I feel another massive twinge of guilt and take a sip of punch, playing for time. I came up with the redecorating story when Dad and Biddy came to visit. (That way, we didn’t need to go near the flat and I could take them out to Jamie’s Italian.) Then I told them it was stalled. Then I told them it was on again.

“It’s on the way!” I smile brightly. “Just need to get the color scheme right.”

“Color scheme,” echoes Dad, with a wry smile at Biddy. “You hear that, Biddy?”

Our farmhouse has never had a color scheme in its life.
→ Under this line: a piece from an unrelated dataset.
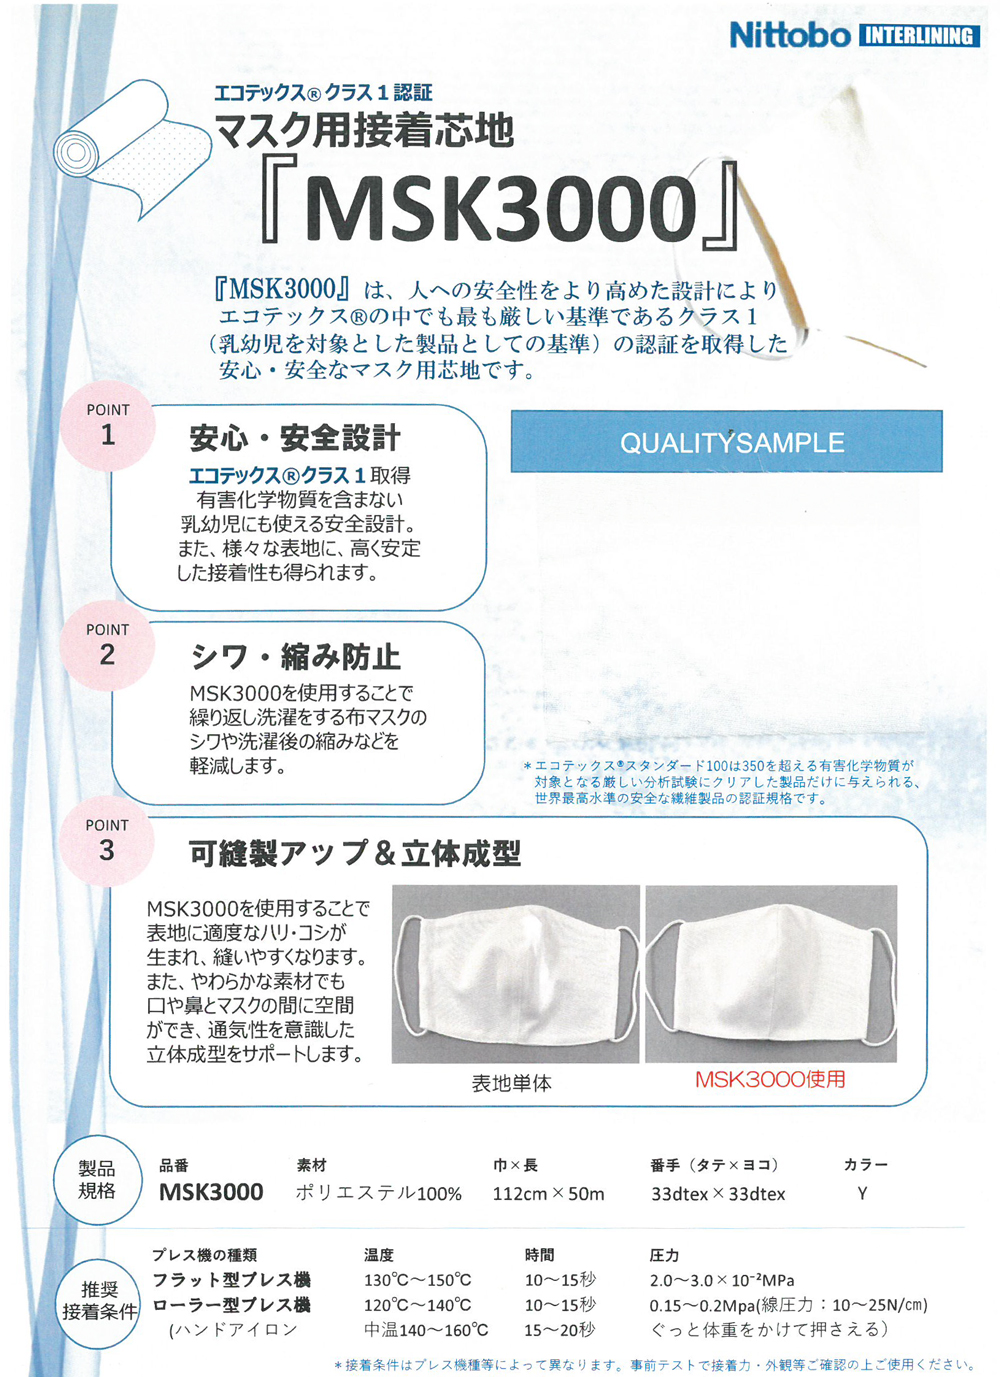 MSK3000 OEKO-TEX® Ecotex® Standard 100认证口罩的粘合衬[衬布] 日东纺绩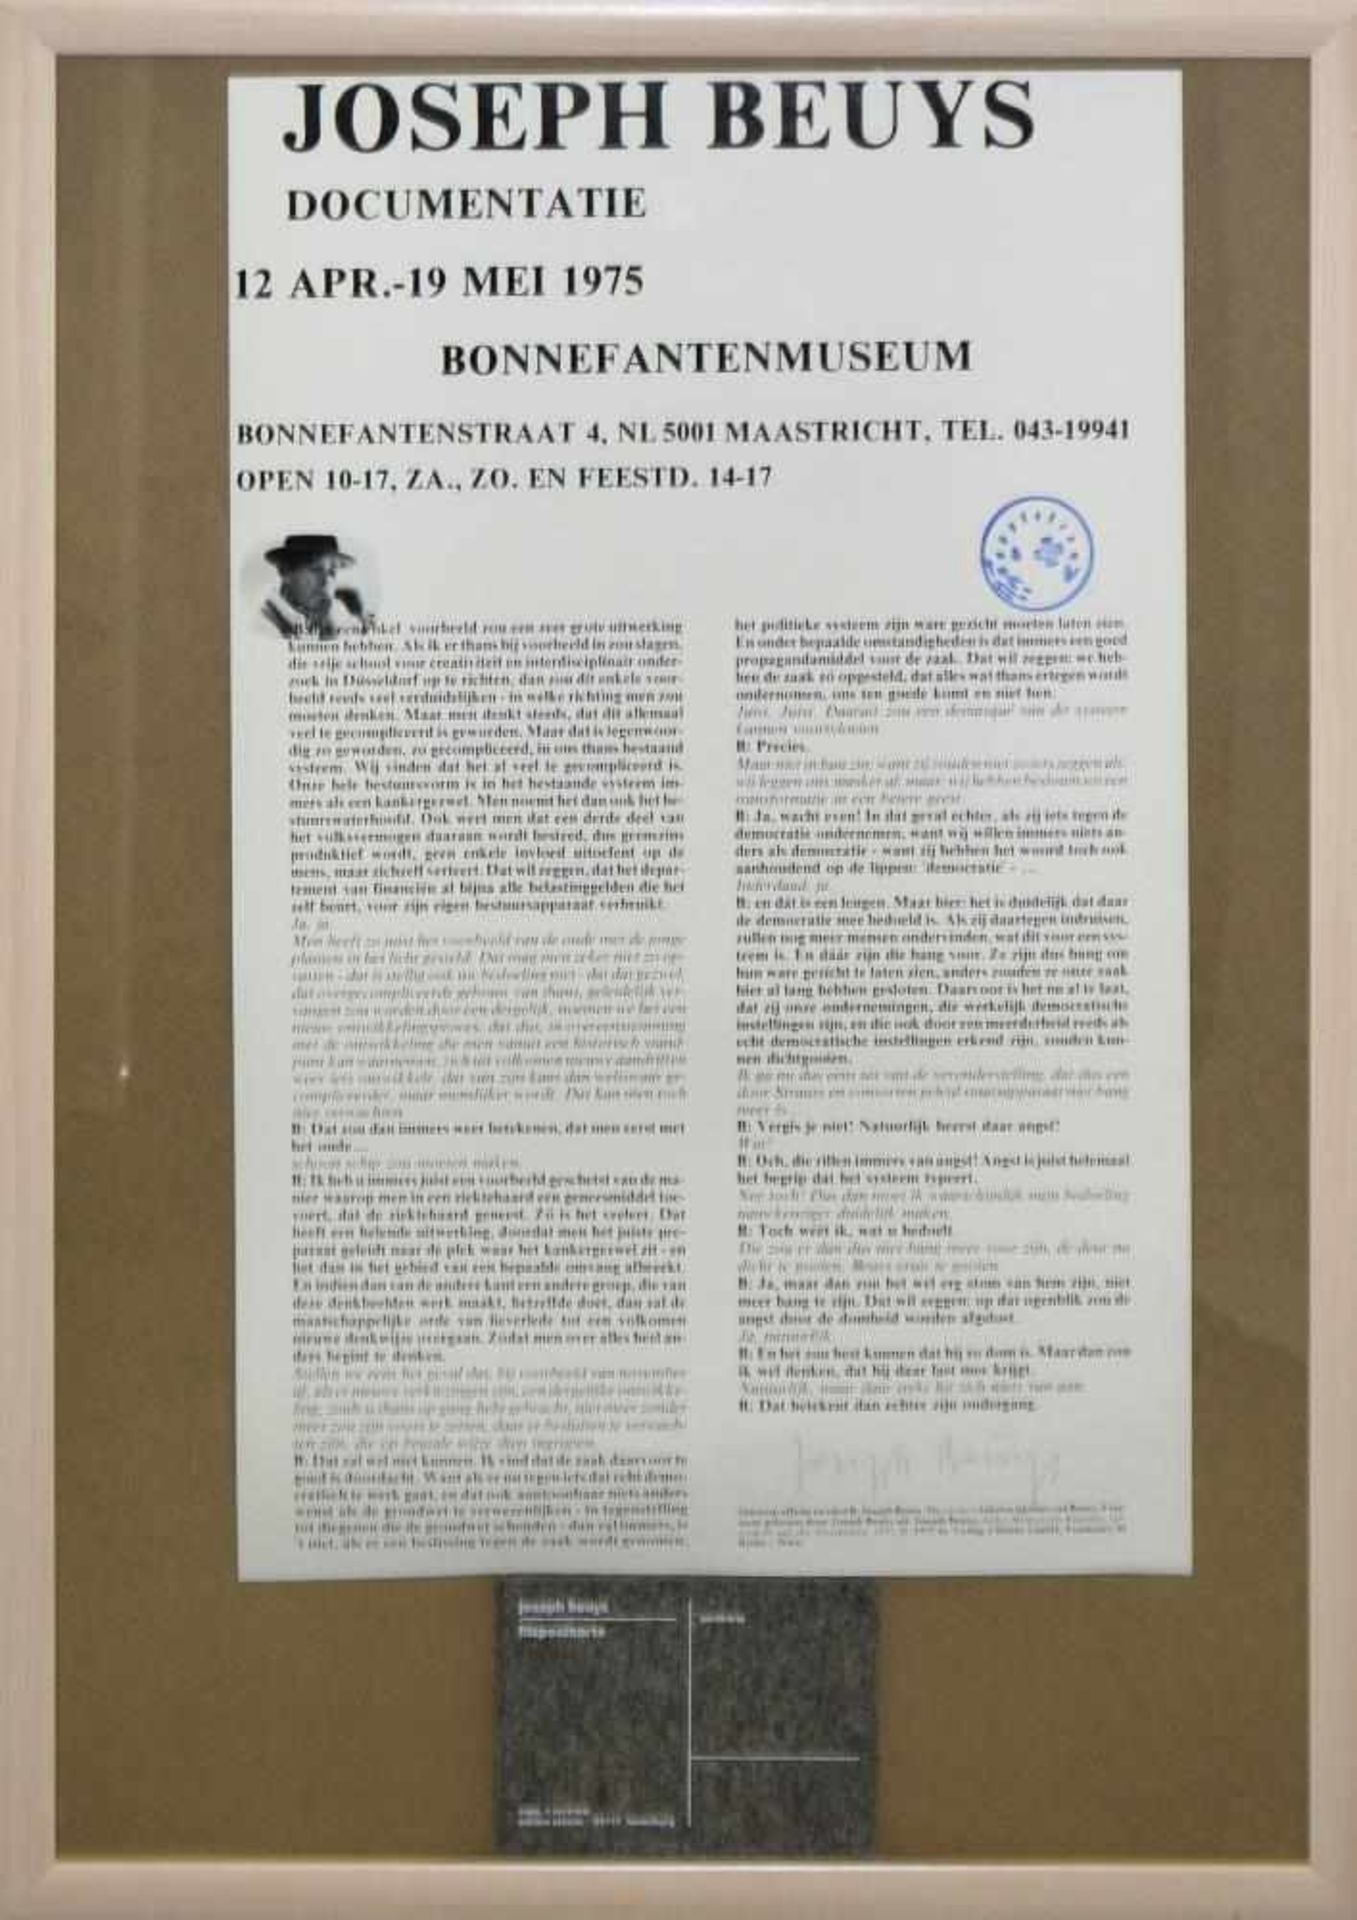 Joseph Beuys, „Documentatie”, signierte Farboffsetlitographie von 1975 & Filzpostkarte o. Rahmen

We’ve got ancient furniture that’s been there for hundreds of years (well, maybe a hundred years) and walls that have been the same mustard or salmon pink since I was a child. What the house really needs, I suppose, is someone to gut it, knock down some walls, come in with a Farrow & Ball chart, and make the most of the view.

Although, actually, the thought of changing a single detail makes me feel all hot and bothered.

“Anyway, it was just a thought,” says Biddy brightly.

“Of course you haven’t got time, Kitty-Kate,” says Dad, his tone a little wistful. “It’s understandable.”

He’s such a familiar sight, standing there in the Somerset sunshine, with his wrinkles and his heavy, stained jersey and his work boots covered in mud. All my life, Dad’s been there. Pottering around the house, in the fields, taking me to the pub and feeding me crisps. Trying to make our millions. Not just for him, for me too.

“Look.” I exhale. “I didn’t mean I can’t help. Maybe with the marketing stuff or something?”

“There!” Biddy’s face lights up in delight. “I knew Katie would help! Anything you can do, love. You know about these things. Give us some advice.”

“OK, so what exactly are you going to do?” I gesture around the land. “Take me through the whole plan.”

“Buy some tents,” says Dad promptly. “Dave Yarnett’s got a good line in them. Gave me the idea in the first place. He’ll throw in sleeping bags too.”

“No.” I shake my head firmly. “Not tents. Yurts.”

“You what?” Dad looks baffled.

“Yurts. Yurts. Have you never heard of yurts?”

“Sounds like an illness of the you-know-wheres,” says Dad, twinkling. “Doctor, Doctor, I’ve got the yurts.” He laughs uproariously at his own joke, and Biddy shoots him a reproving glance.

I’ve heard of them,” she says. “It’s Moroccan tents, isn’t it?”

“I think they’re Mongolian. Anyway, that’s what everyone glamps in. Yurts, or retro caravans, or shepherd’s huts…something different.”

“Well, how much are they?” Dad looks unenthusiastic. “Because Dave’s doing me a very good deal—”

“Dad!” I cry, exasperated. “No one will come and glamp in cut-price tents from Dave Yarnett! Whereas if you bought some yurts, made them look nice, put up some bunting, cleared up the yard…”

I survey the landscape with a new eye. I mean, the view is spectacular. The land stretches away from us, green and lush, the grass rippling in the breeze. I can see, in the distance, the sun glinting on our little lake. It’s called Fisher’s Lake, and we used to row on it. We could buy a new rowing boat. Kids would love it. Maybe a rope swing. We could have fire pits…barbecues…an outdoor pizza oven, maybe….

I can see the potential. I can actually see the potential.

“Well, I’ve already told Dave I’m ordering ten tents,” says Dad, and I feel a spike of frustration, which somehow I squash down.

“Fine.” I down my drink and force a smile. “Do it your way.”

It’s not till later that afternoon that the subject comes up again. Biddy’s preparing potatoes for tomorrow and I’m icing the gingerbread men she made this morning. We’ll put them on the Christmas tree later. I’m utterly engrossed, piping tiny smiles and bow ties and buttons, while Christmas hits play through the stereo. The table is Formica-topped, and the chairs are dark green painted wood with dated oak-leaf cushions. Above us is hanging the blue glittery decoration that we’ve hung up every year since I was ten and saw it for sale in a garage. It couldn’t be less Livingetc, but I don’t care. I feel warm and snug and homey.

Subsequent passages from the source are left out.